The rewarded winery Vinařství Josef Valihrach from Kruvíř experiments with a cryomaceration tank with rotary degasser.
IDD Bratislava´s field of expertise is invention and manufacturing of winery technologies – system for controlled fermentation and cooling, wine storage containers, and much else. The founder of the company, Mr. Anton Hrdlička, holds patents for construction of straining tanks, rotary tank and rotary drain of fermentation tank. He used his invention skills for constructing of lying cryomaceration tank equipped with rotary degasser, which is cooling or heating of mash.
“The machine can do cool maceration, gentle processing and fermentation of not only blue grapes, but also cold stabilization of wine, as well as fast heating. Moreover, you can use it for storage of mash or wine“, said Mrs. Sabina Barborjak, Sales Director of IDD Bratislava and daughter of the company´s founder. Winemakers never cease to surprise her by creative utilization of the cryomaceration tank.

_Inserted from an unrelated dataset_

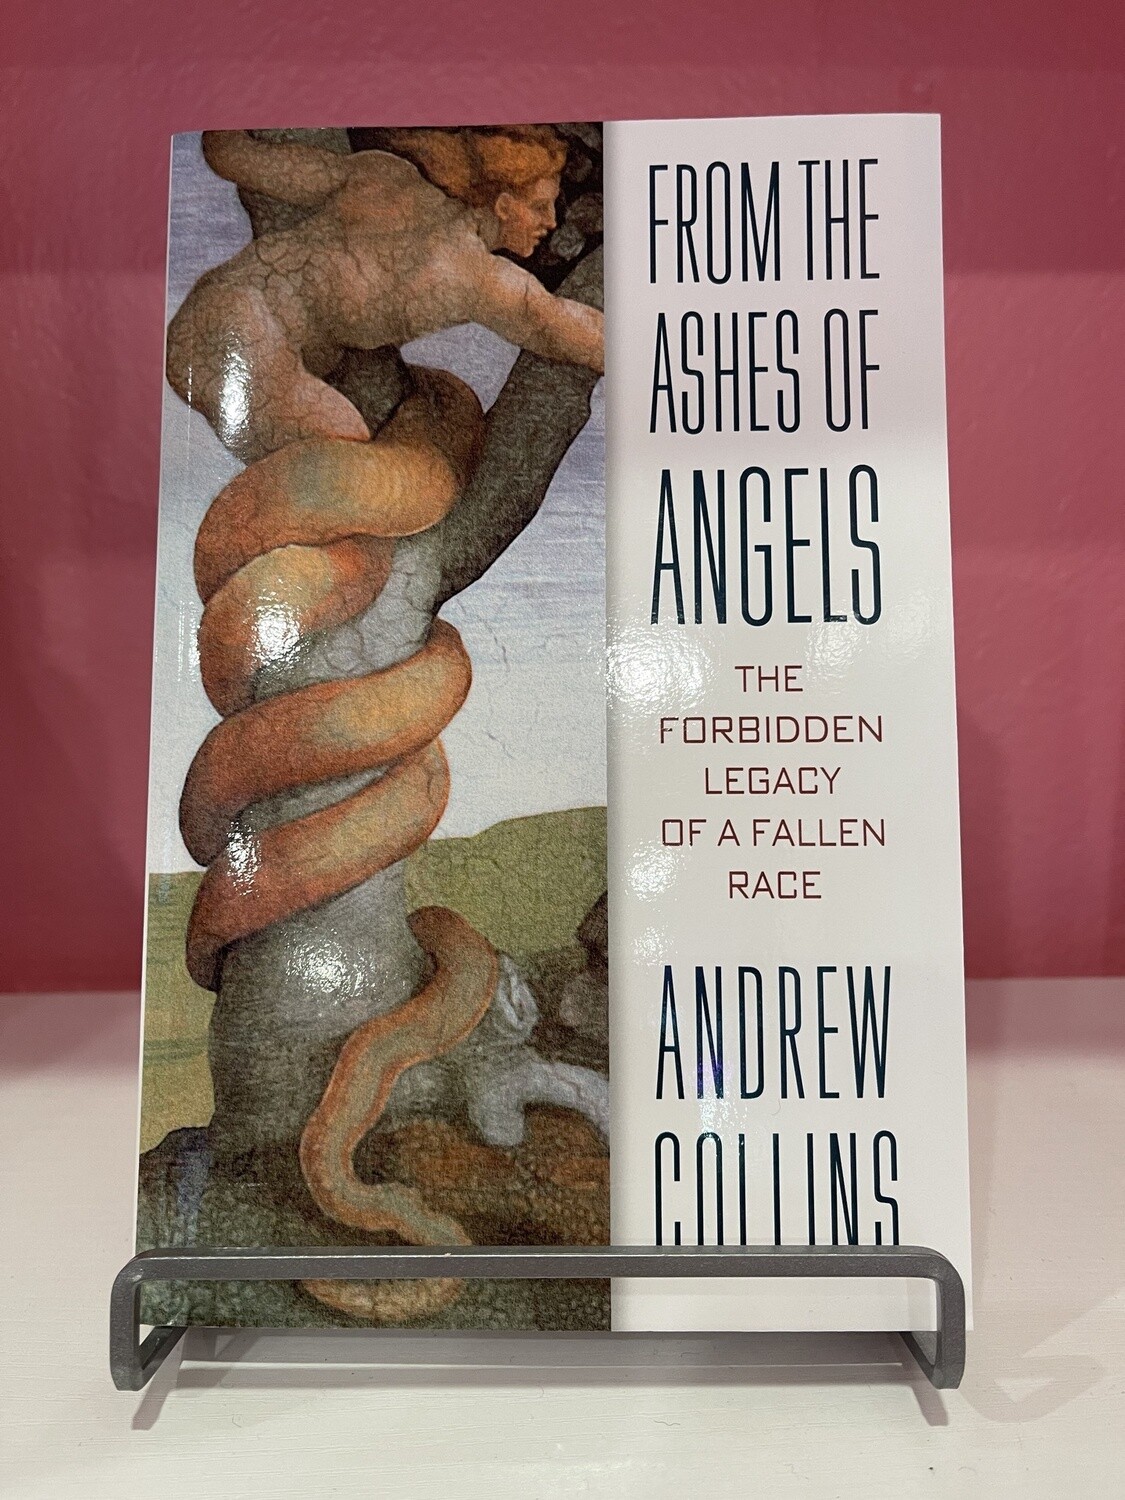 From the Ashes of Angels: The Forbidden Legacy of a Fallen Race (Original)

Competition test and winemaker´s invention
The innovative type of tank is the answer of IDD Bratislava to long-standing demands for cold maceration. "We are exploring the path of gentle grape processing, and that is why in 2012 we created a prototype that uses a special rotor to wade through the fermentation mash. The subject of the patent is that the cooling, or heating, is mediated directly by the rotating mechanism. The rotor beams have a special inclination, length and shape," Barborjak revealed. The company has since produced three dozen of these devices.
To be sure of their device's capabilities, they first tested competing devices. "We did tests of other manufacturers' tanks, but only one from Italy met the requirement that all the meat was cooled evenly, the other tanks showed large temperature differences in the macerated meat. I'm sure the winemakers aren't even aware of this because they have no way of measuring it," Barborjak believes.
The most important thing became apparent when the tank was used. "Milan Skovajsa, one of the progressive Slovak winemakers, switched on the equipment at the beginning of fermentation at the lowest speed of 12 Hz, i.e. a revolution in 6 minutes, the movement is hardly noticeable to the eye. He let the mash stir for a week without a break. The gas leak was continuous and the formation of a matolin hat was avoided, an absolute revolution. We don't break the matolin hat because it doesn't form at all. As a result, we have much less sludge and the tank can be emptied easily," Barborjak described.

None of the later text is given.